### WHAT YOU WILL DO:
Set down nothing but the lines from the one containing "Women wearing a" to the final line of the material, exactly as written, and drop the pictures.

### INFORMATION SHOWN:
☆ ☆ ☆ ☆ ☆ ☆ ☆

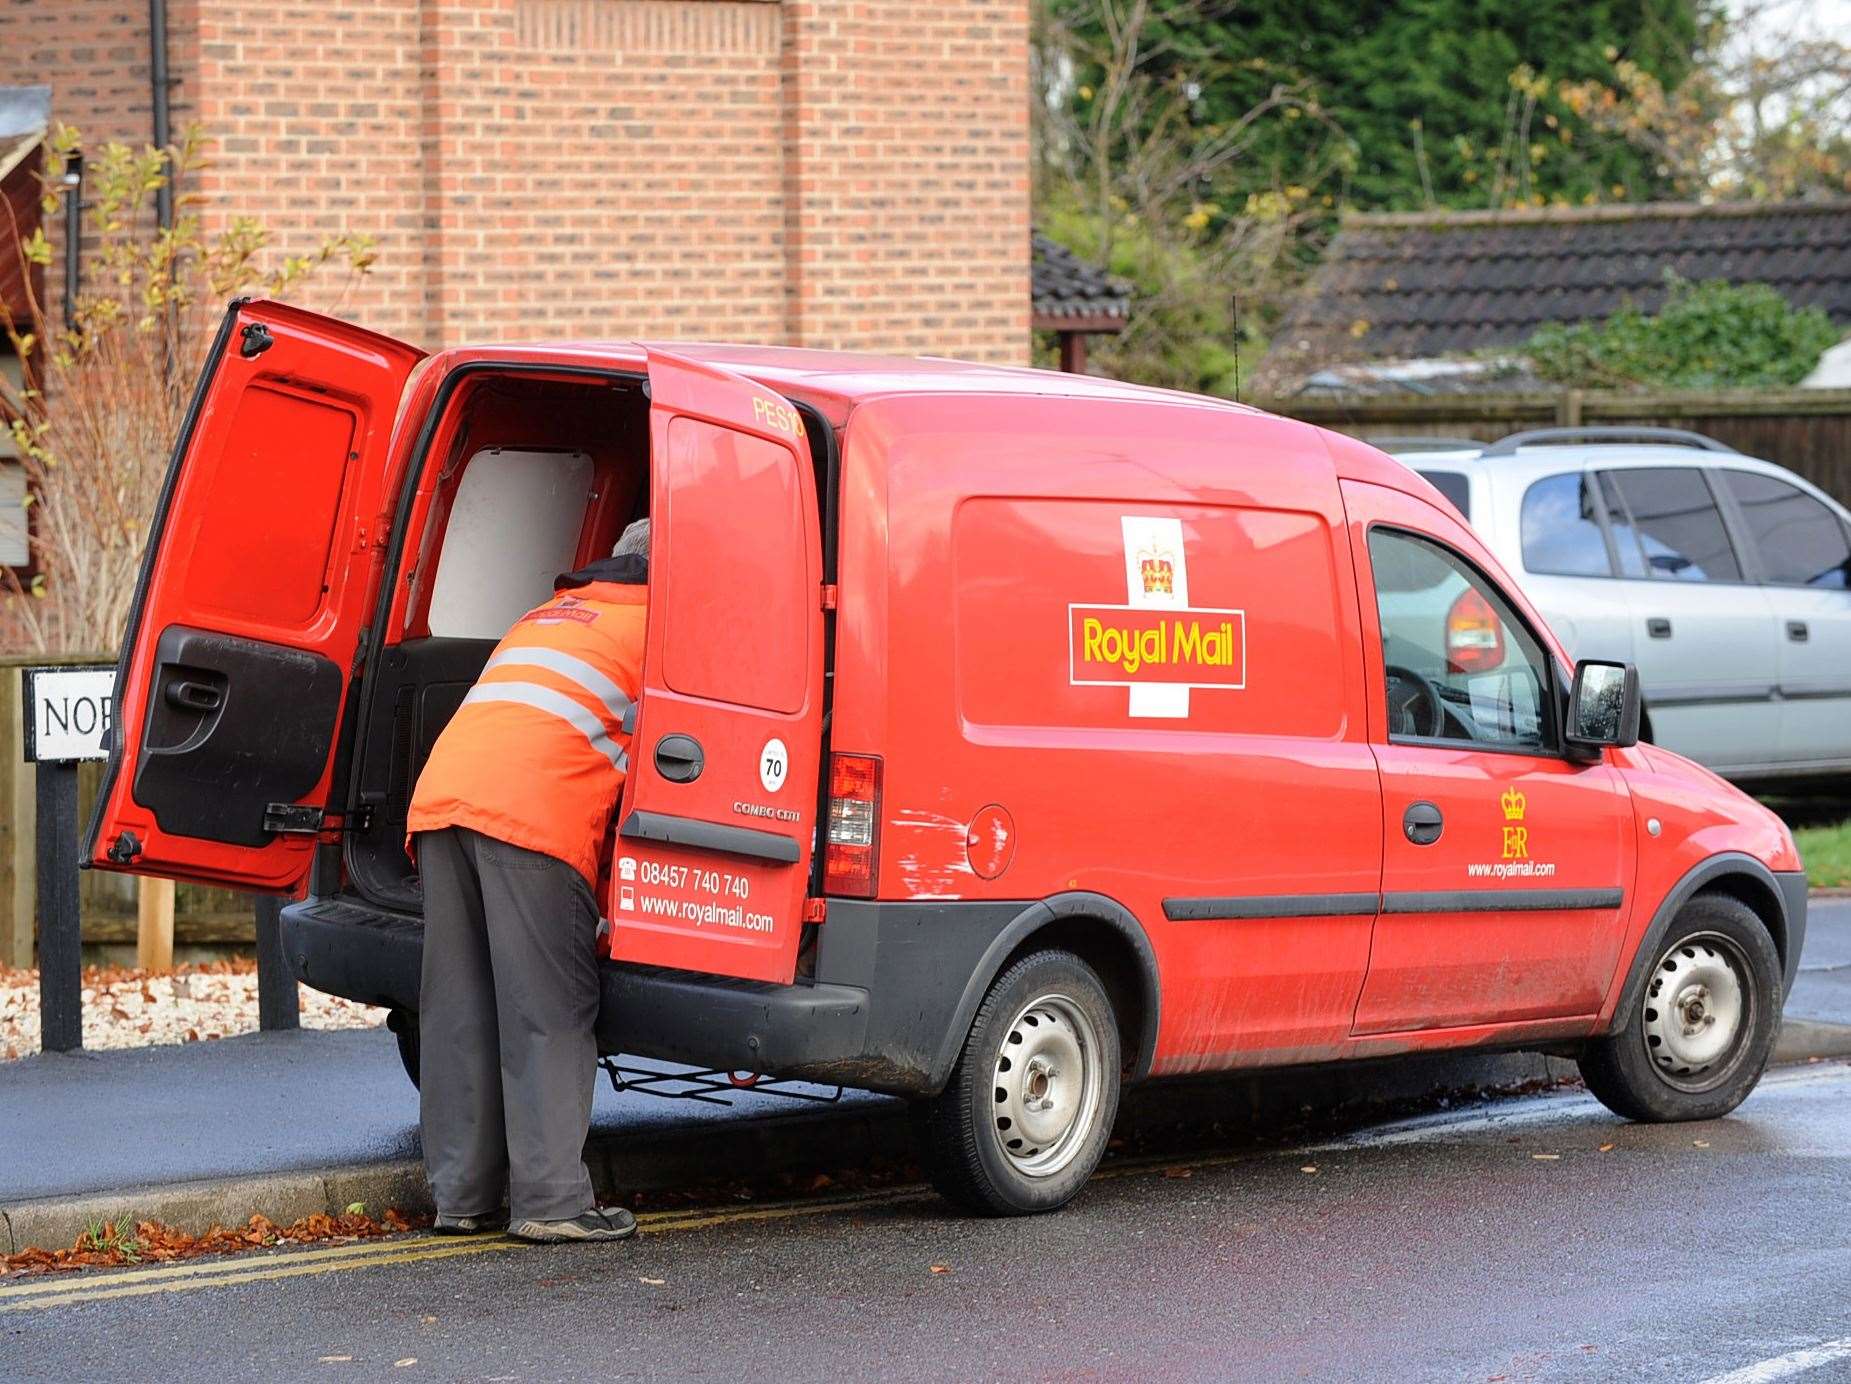 Royal Mail says it is having difficulties with staffing levels
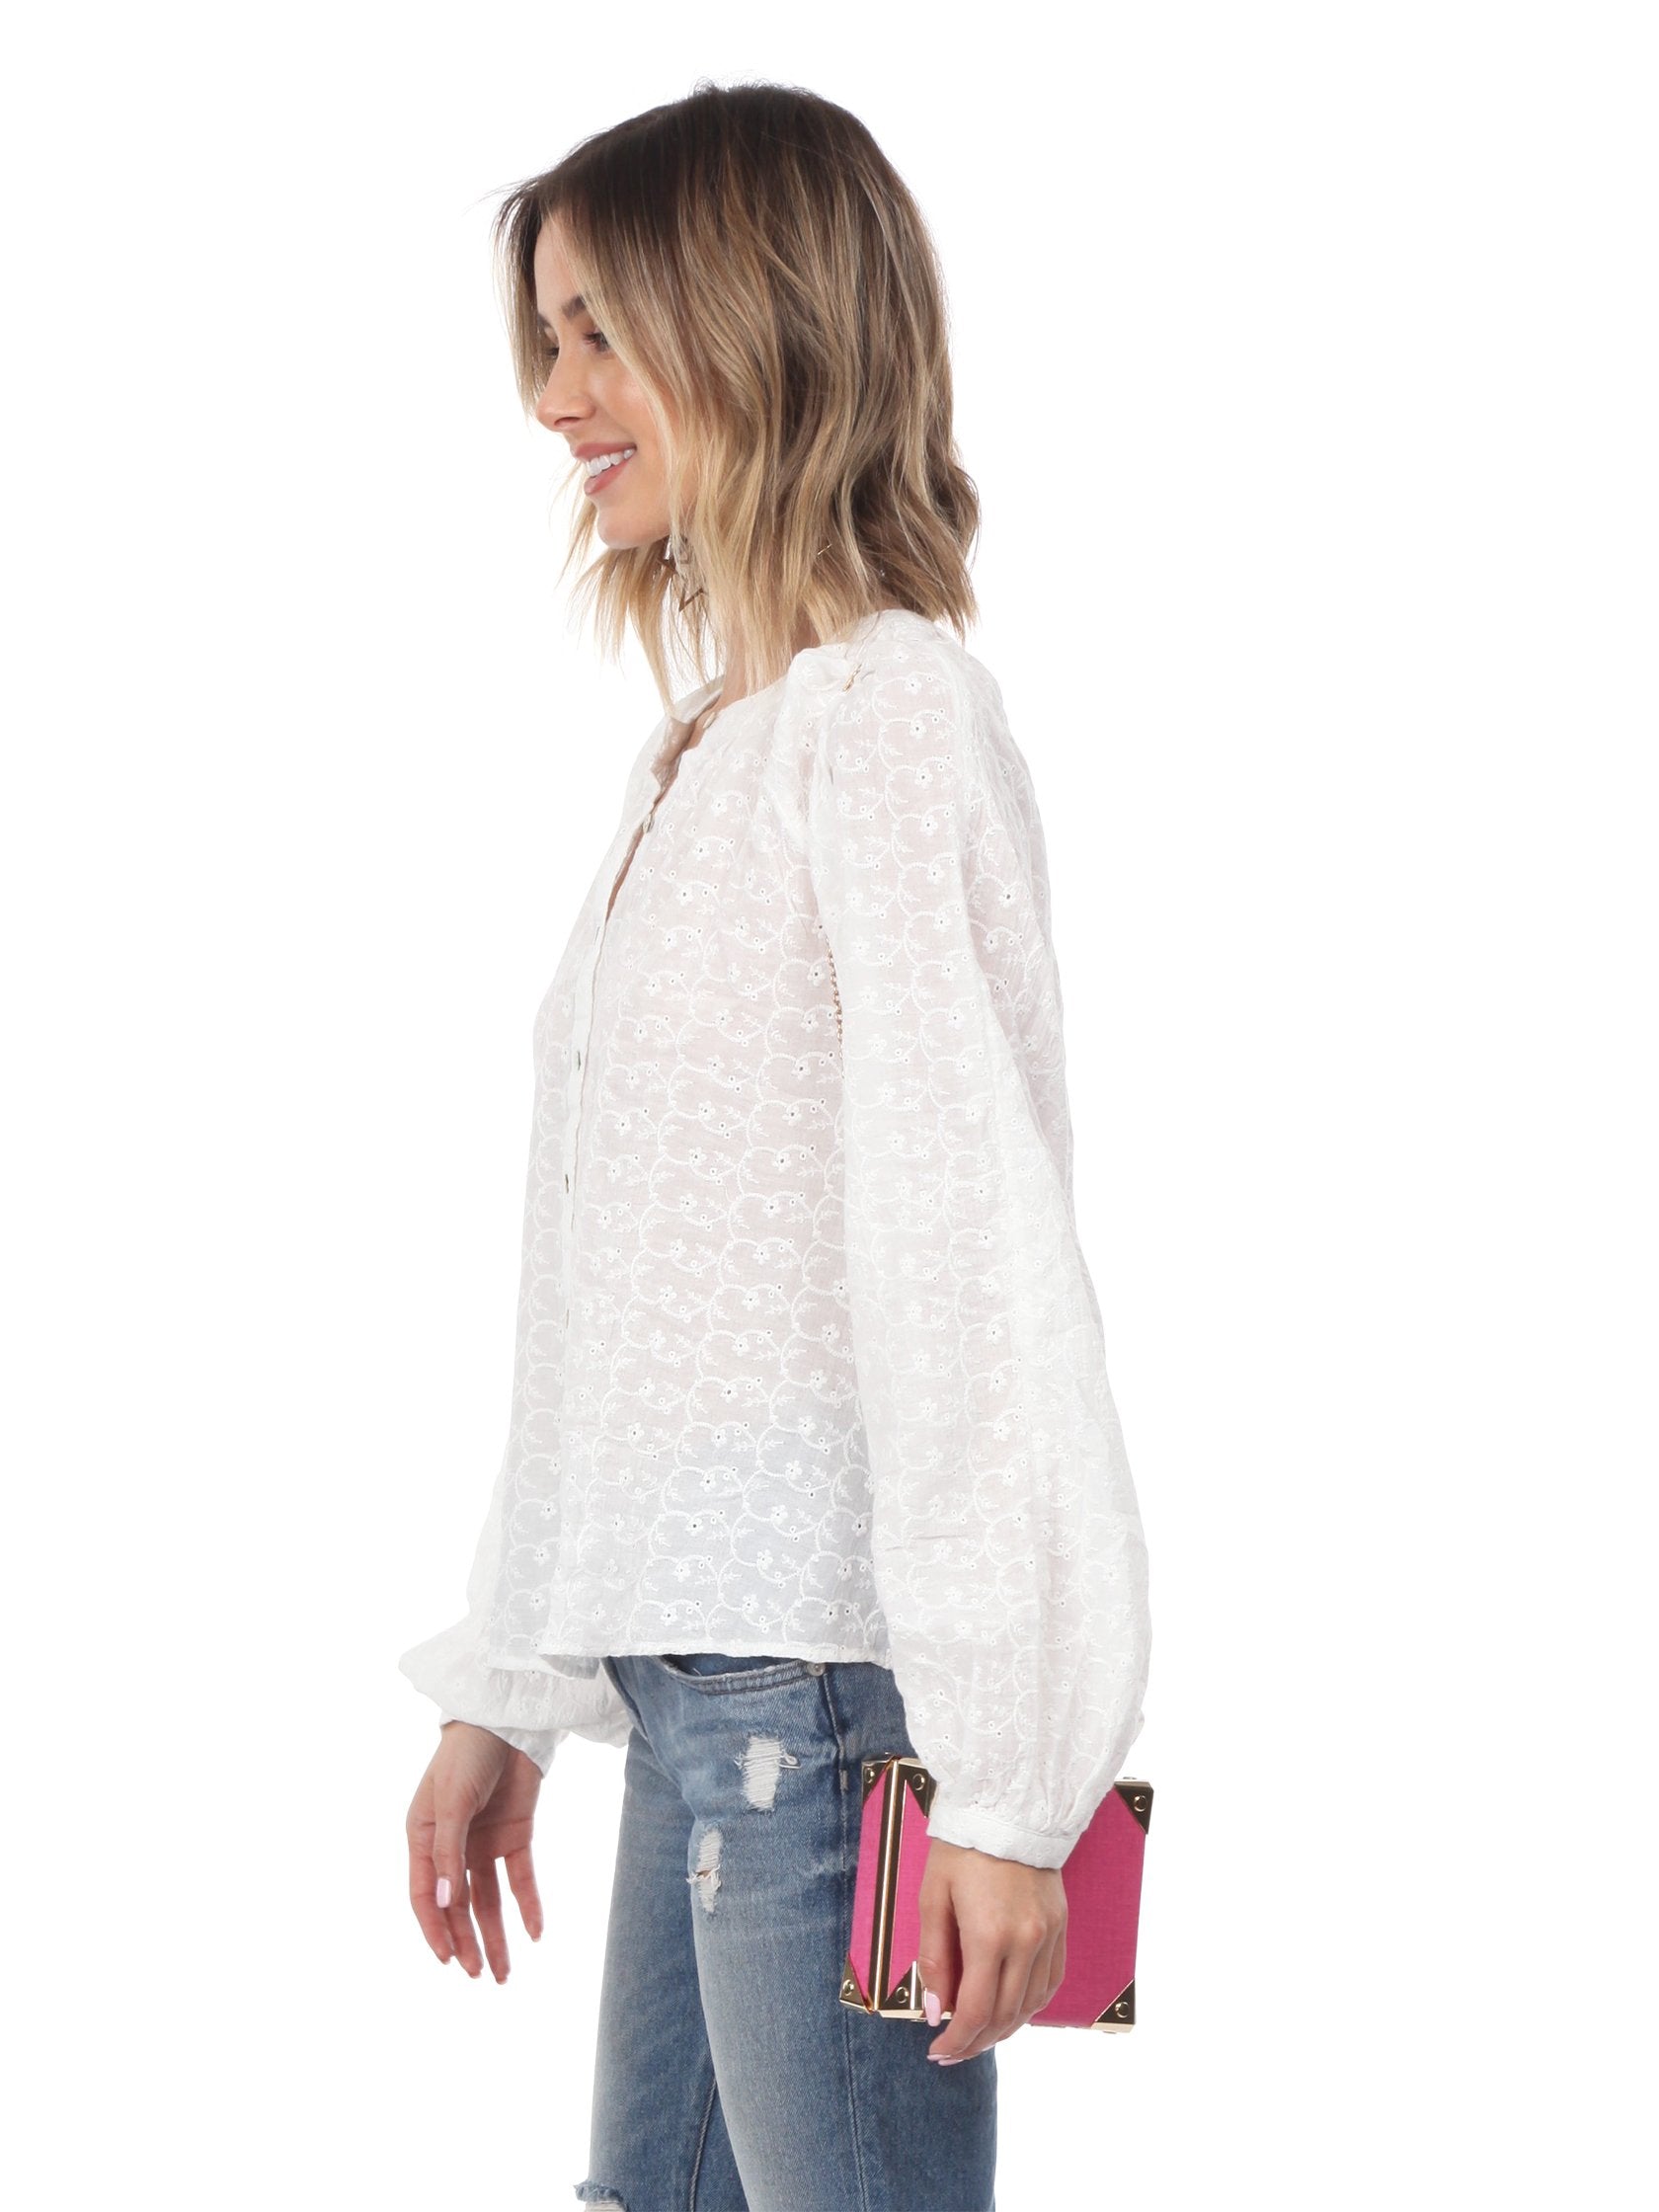 Women wearing a top rental from Free People called Down From The Clouds Peasant Top
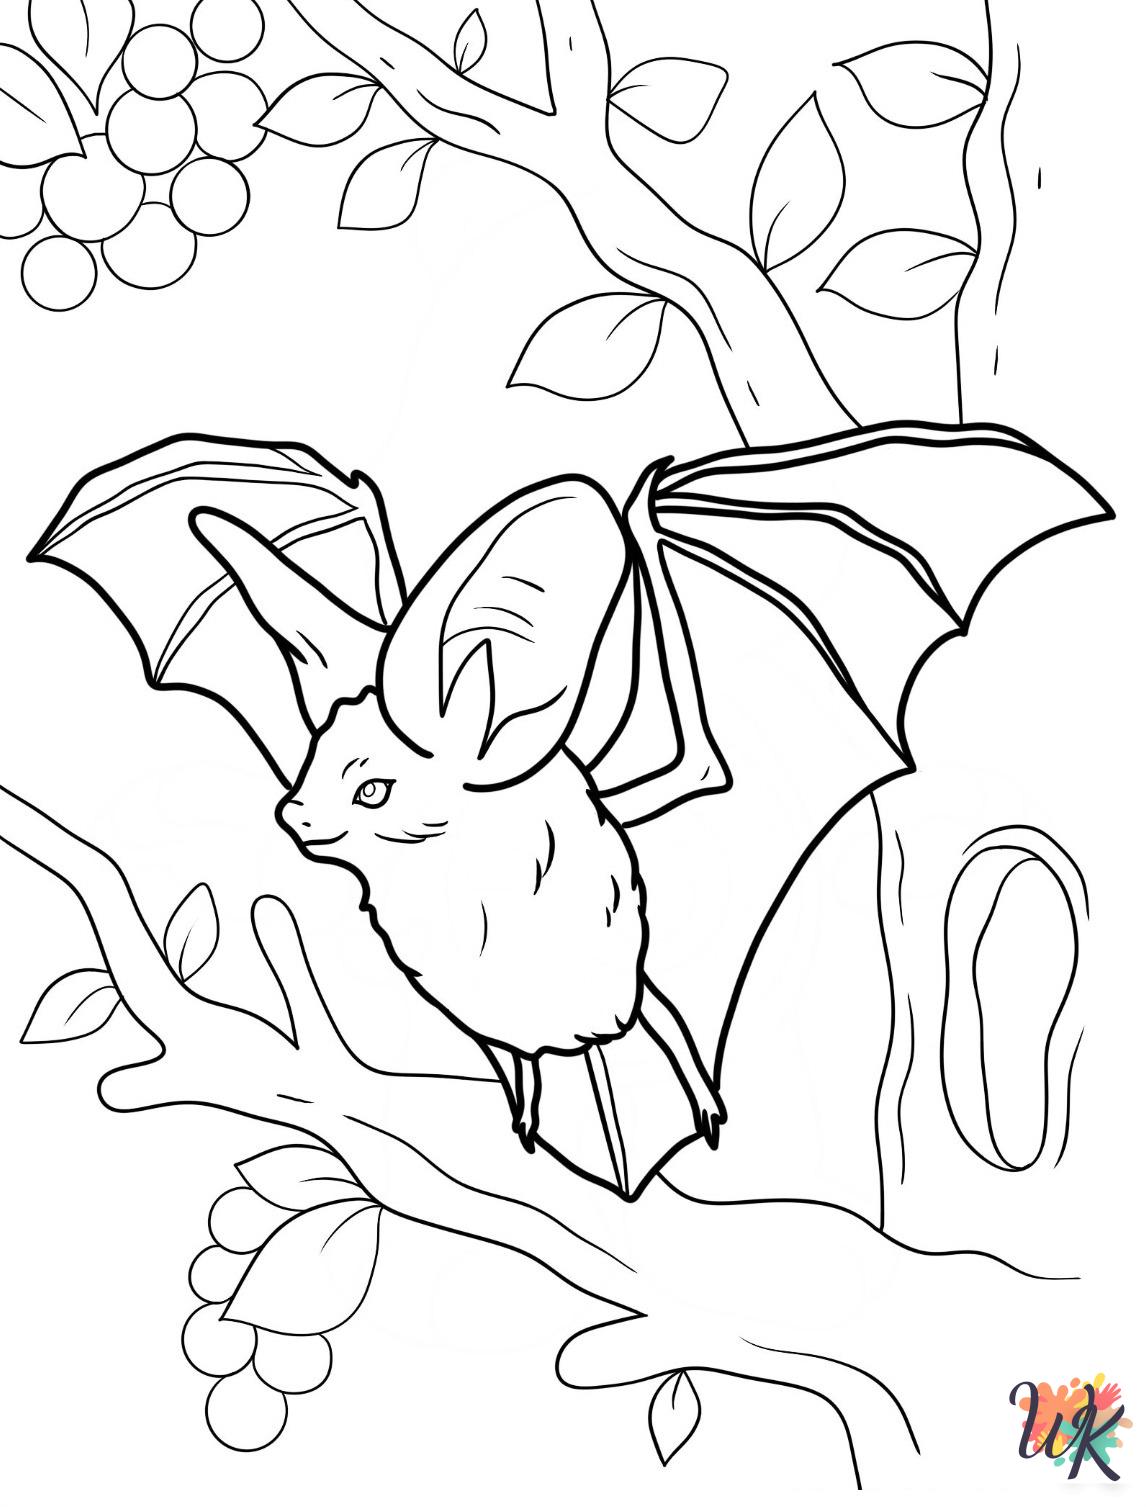 Bat coloring pages free printable

☆ ☆ ☆ ☆ ☆ ☆ ☆

### ANSWER TO THE EXERCISE:
 Women wearing a top rental from Free People called Down From The Clouds Peasant Top
 Bat coloring pages free printable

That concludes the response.